Full history – For this analysis, I used a snapshot Planet file from February 2, 2012. A snapshot planet does not contain any historical information about the features – only the current feature version is represented. In a next iteration of this analysis, I would like to use the full history planets that have been available for a while now. Using full history enables me to see how many users have been involved in creating and maintaining ways through time, and how many of them have been active in the last month / year. It also offers an opportunity to identify periods in time when the local community has been particularly active.

Relate users to population / land area – The absolute number of users who contributed to OSM in an area is only mildly instructive. It’d be more interesting if that number were related to the population of that area, or to the land area. Or a combination. We might just find out how many mappers it takes to ‘cover’ an area (i.e. get and keep the other metrics above certain thresholds).

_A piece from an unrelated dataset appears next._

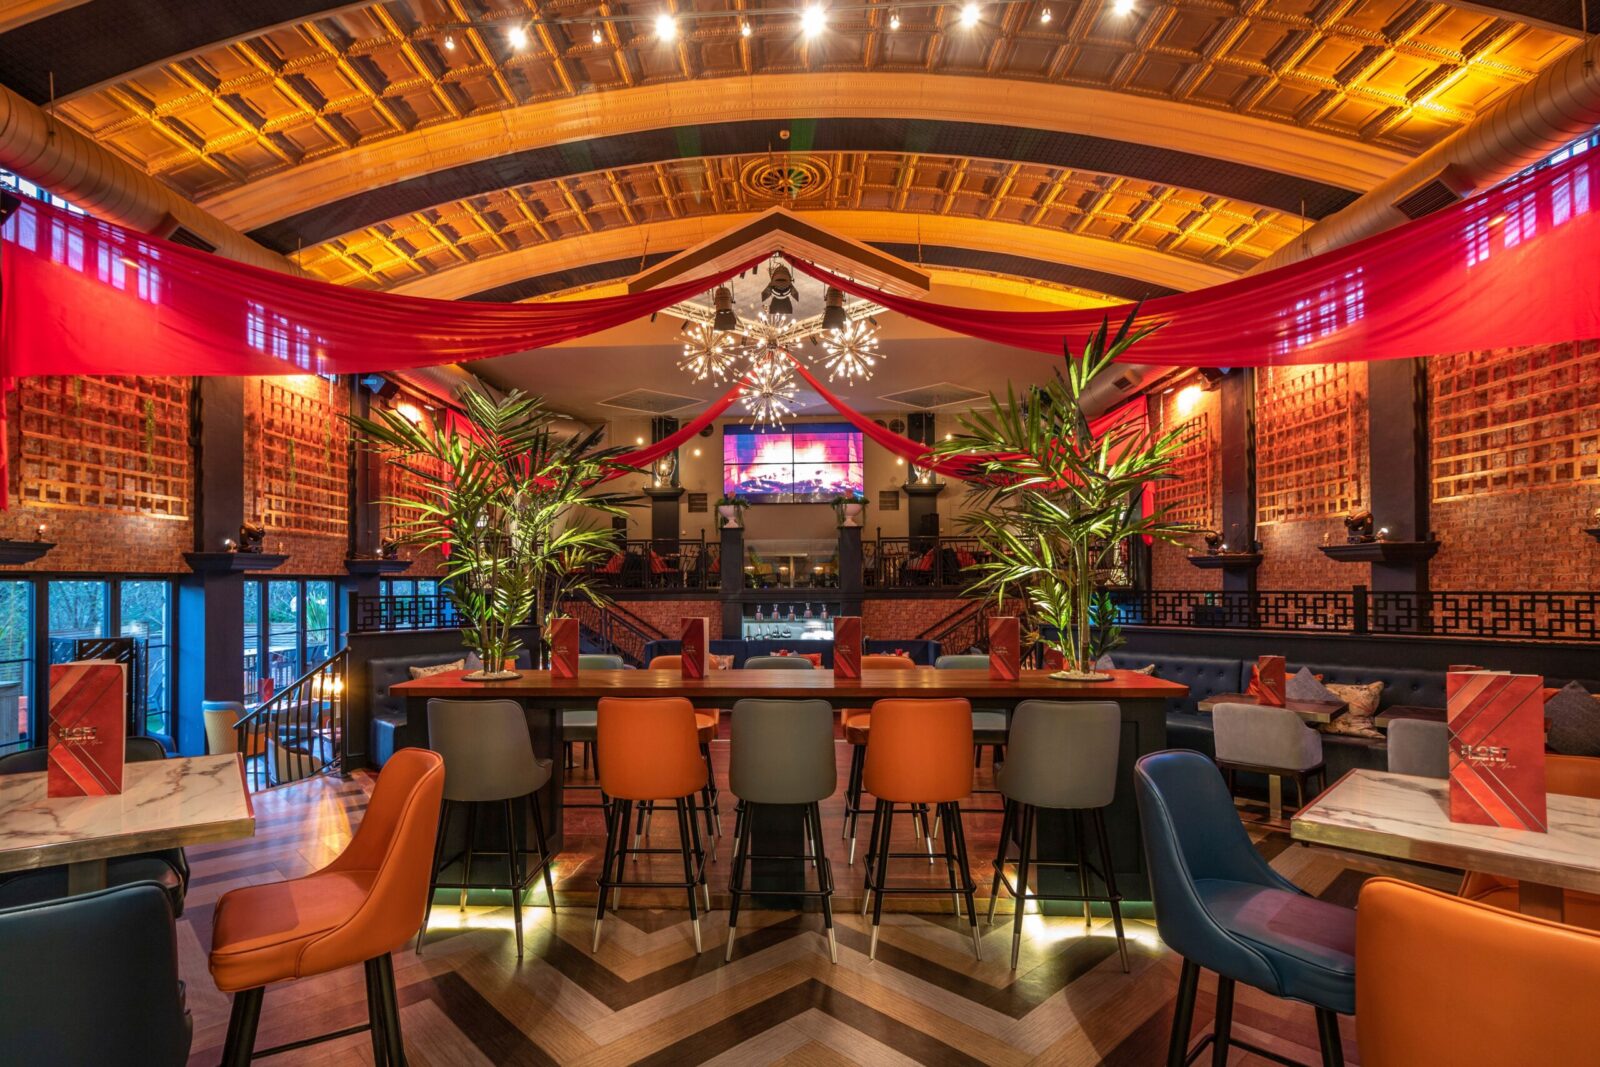 Loft Steakhouse Bar Gallery - The Loft Lounge & Bar
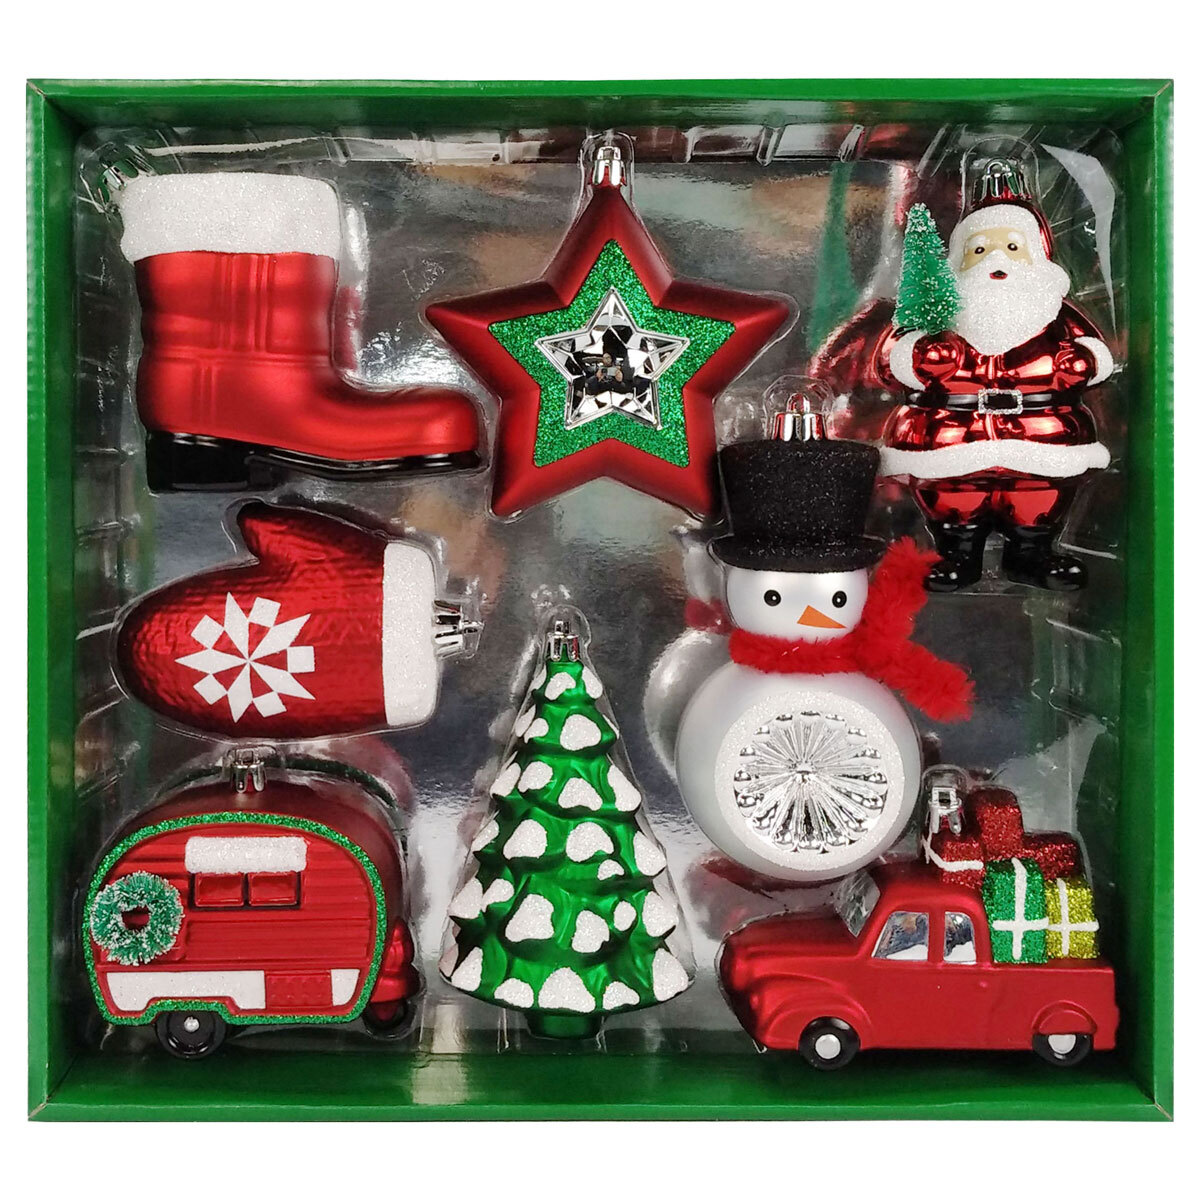 10 cm Shatter Resistant Novelty Christmas Ornaments Set of 8

Routing specific metrics – One of the most promising applications of OSM data, and one of the most interesting commercially, is routing. Analyzing the quality of the road network is an essential part of assessing the ‘cost’ of using OpenStreetMap in lieu of other road network data that costs real money. A shallow analysis like I’ve done here is not going to cut it for that purpose though. We will need to know about topological consistency, correct and complete mapping of turn restrictions, grade separations, lanes, traffic lights, and other salient features. There is only so much of that we can do without resorting to comparative analysis, but we can at least devise some quantitative metrics for some.

Technical Background

  • I used the State and County (and equivalent) borders from the TIGER 2010 dataset to determine the study areas.
  • I used osm-history-splitter (by Peter Körner) to do the actual splitting. For this, I needed to convert the TIGER shapefiles to OSM POLY files, for which I used ogr2poly, written by Josh Doe.
  • I used Jochen Topf‘s osmium, more specifically osmjs, for the data processing. The script I ran on all the study areas lives in github.
  • I collated all the results using some python and bash hacking. I used the PostgreSQL COPY function to import the results into a PostgreSQL table.
  • Using a PostgreSQL view, I combined the analysis result data with the geometry tables (which I previously imported into Postgis using shp2pgsql).
  • I exported the views as shapefiles using ogr2ogr, which also offers the option of simplifying the geometries in one step. Useful because the non-generalized counties shapefile is 230MB and takes a long time to load in a GIS).
  • I created the visualizations in Quantum GIS, using its excellent styling tool. I mostly used a quantiles distribution (for equal-sized bins) for the classes, which I tweaked to get prettier class breaks.

I’m planning to do an informal session on this process (focusing on the osmjs / osmium bit) at the upcoming OpenStreetMap hack weekend in DC. I hope to see you there!